Network providers are quizzed about which pieces of information they give to public officials

by Andrew Roach on January 27, 2014

The past year has seen both the tech and telecom worlds enveloped in a huge debate over just how private and confidential data is used by government agencies in the wake of huge intelligence scandals that have involved agencies across the world.

After Canadian intelligent bodies came under intense scrutiny over the past few months, an independent body has started to reach out to some of the biggest telecom companies in the country in a bid to learn what information is usually passed over.

The survey is expected to feature responses from many of the biggest companies in Canada including Rogers, Bell and Telus who dominate the domestic telecom market.

The survey, led by the University of Toronto’s Citizen Lab, are looking to get an overall indication of just what the situation is regarding data access in the country.

In order to get an accurate representation, the survey will look to create a detailed picture of the requests that telcos have received and reveal just how much networks have passed on to the government each time.

Aside from knowing basic information such as how many requests have been received, the survey will want to know whether more specific information such as locations, text message contents and full call logs were needed by the authorities.

It’s a move that the body will hope give a much better indication of how providers have acted with confidential data and whether the authorities have acted lawfully with their requests.
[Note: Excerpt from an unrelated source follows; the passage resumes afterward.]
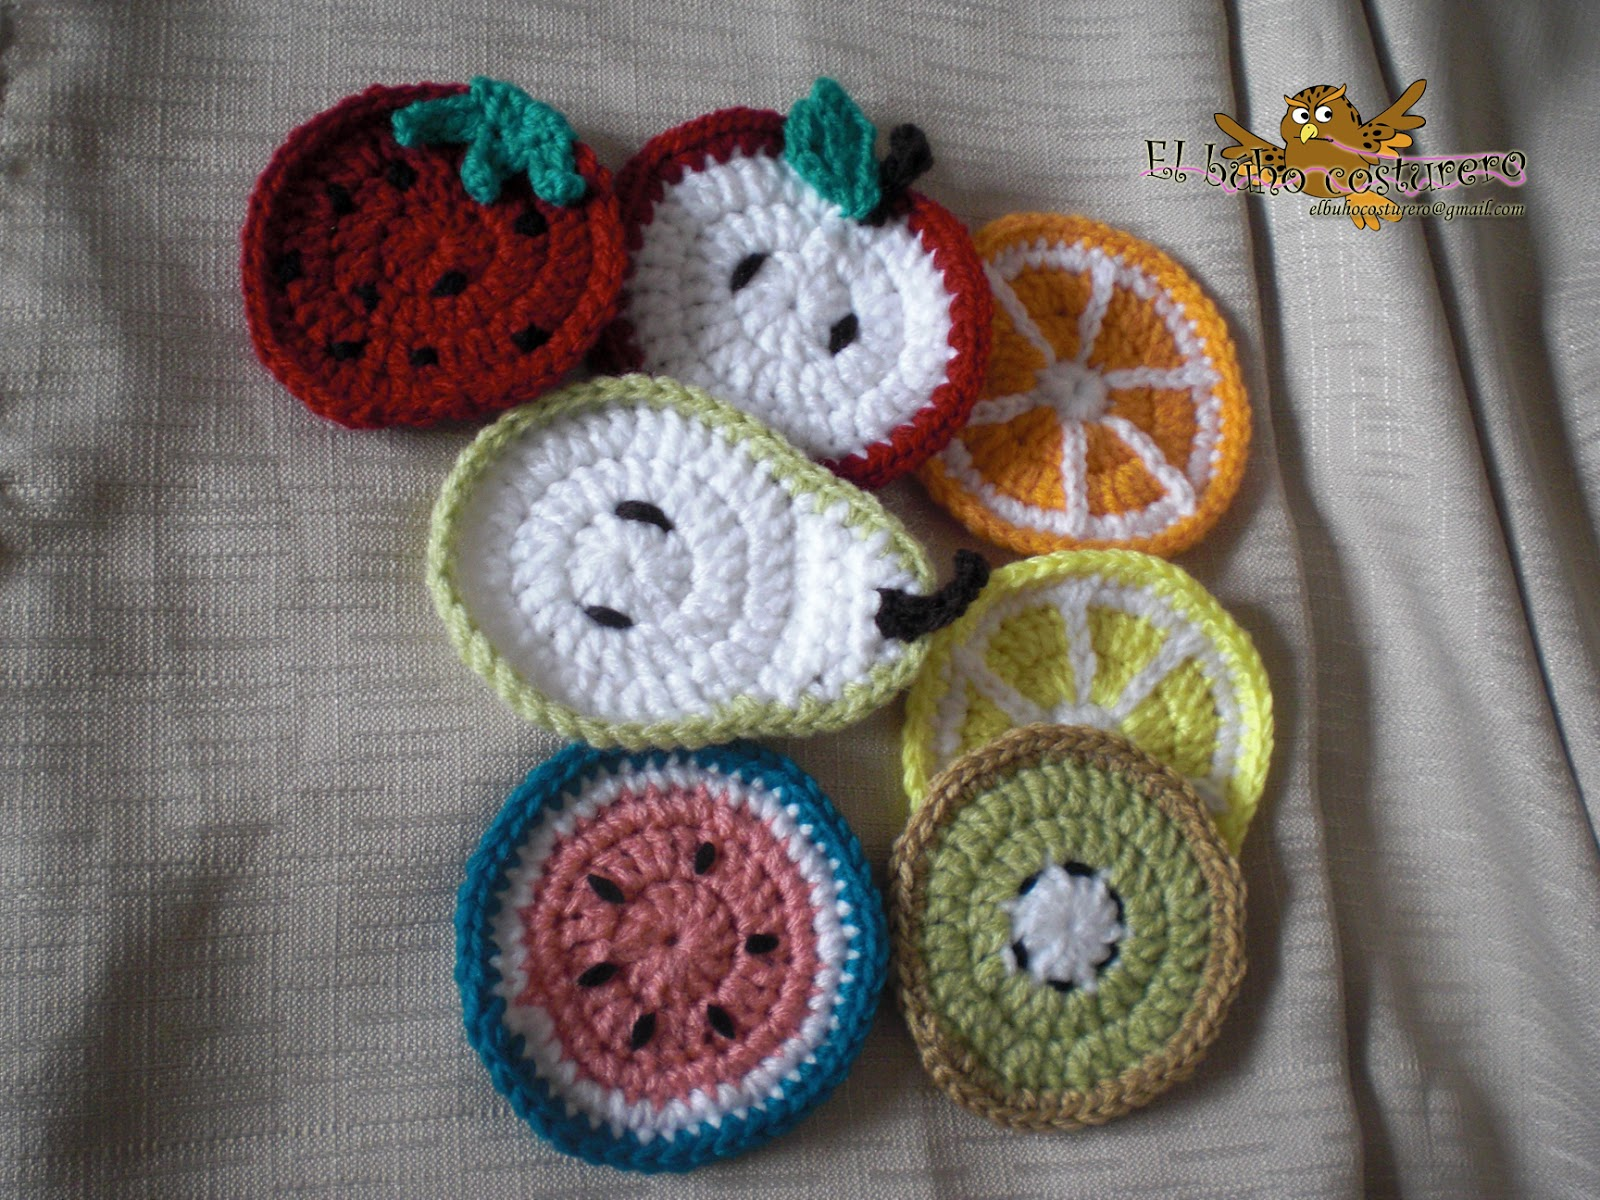 El búho costurero: Crochet: frutas posavasos

This was revealed by survey creator Chris Parsons who explained the reasons for his actions in a blog post stating: “Canadians have had only vague understandings of how, why, and how often Canadian telecommunications providers have disclosed information to government agencies.”
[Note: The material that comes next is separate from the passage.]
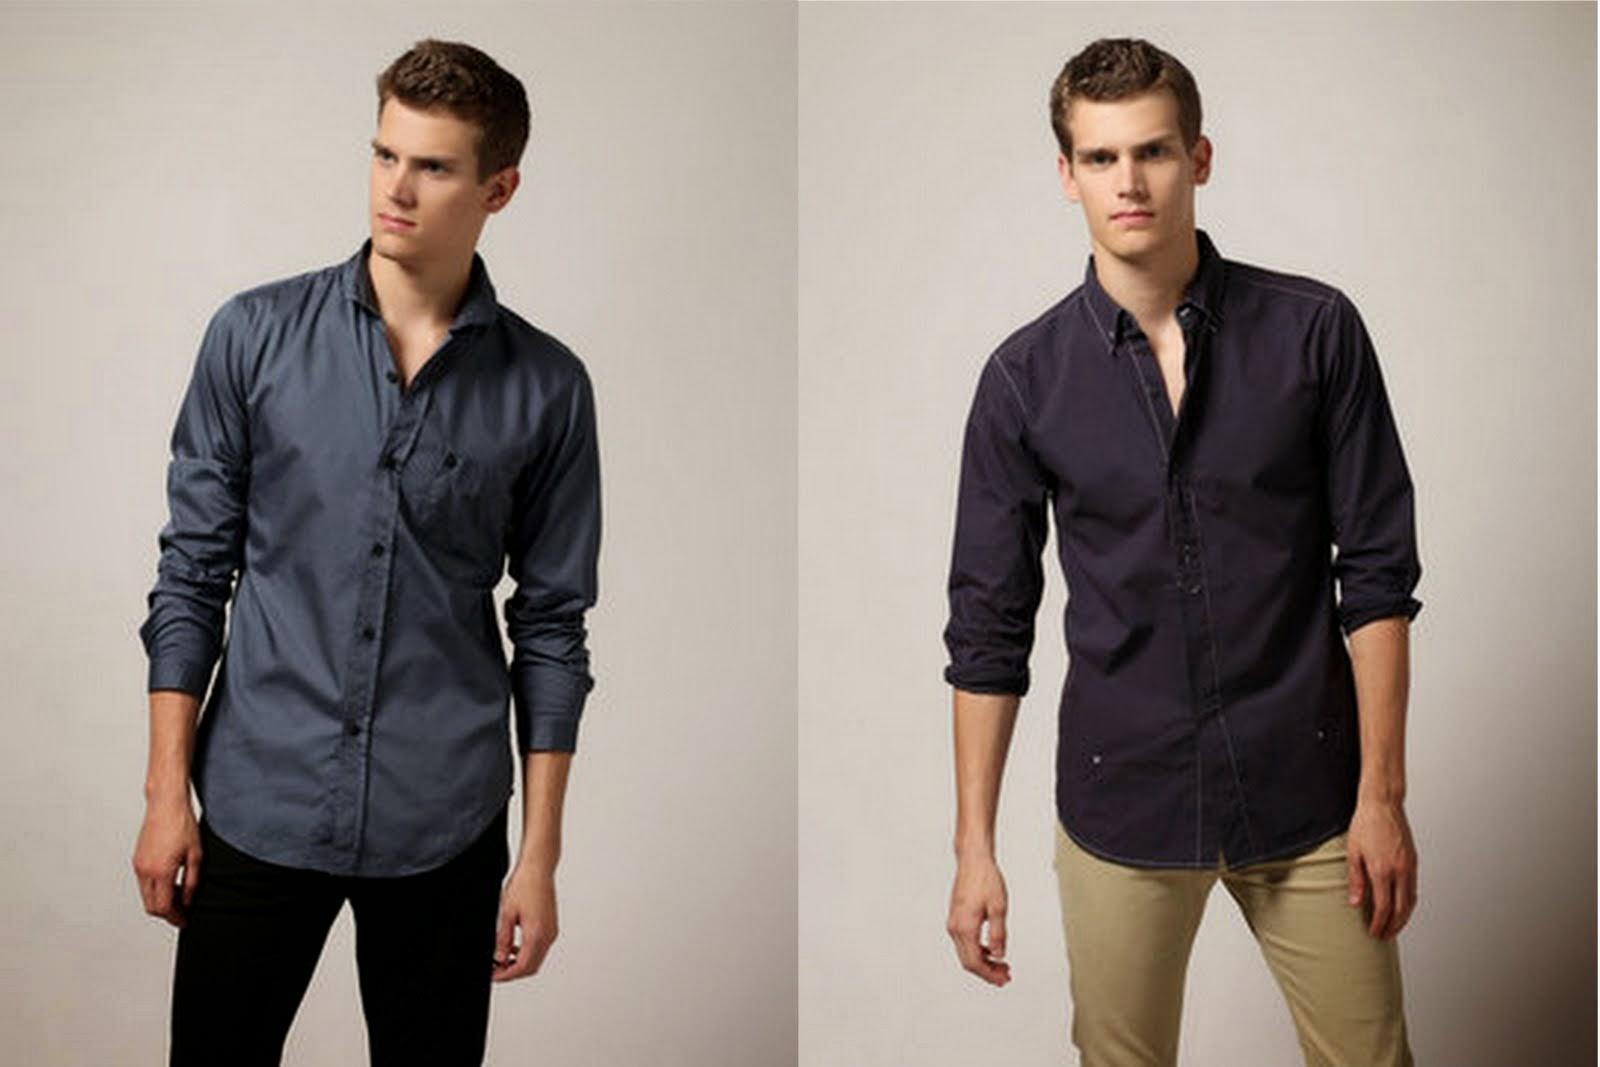 75f0159ac Dress code masculino  qual tipo de traje certo para cada ocasião

“Given the importance of such systems to Canadians’ lives, and the government’s repeated allegations that more access is needed to ensure the safety of Canadians, more data is needed for scholars, civil rights organizations, and the public,” he added.

It’s a survey that could drum up some interesting results especially when most government agencies require a court warrant to access private data and information from providers.

With that in mind, the research could paint a picture and show to residents nationwide whether their network provider is keeping their personal data as safe as they should be.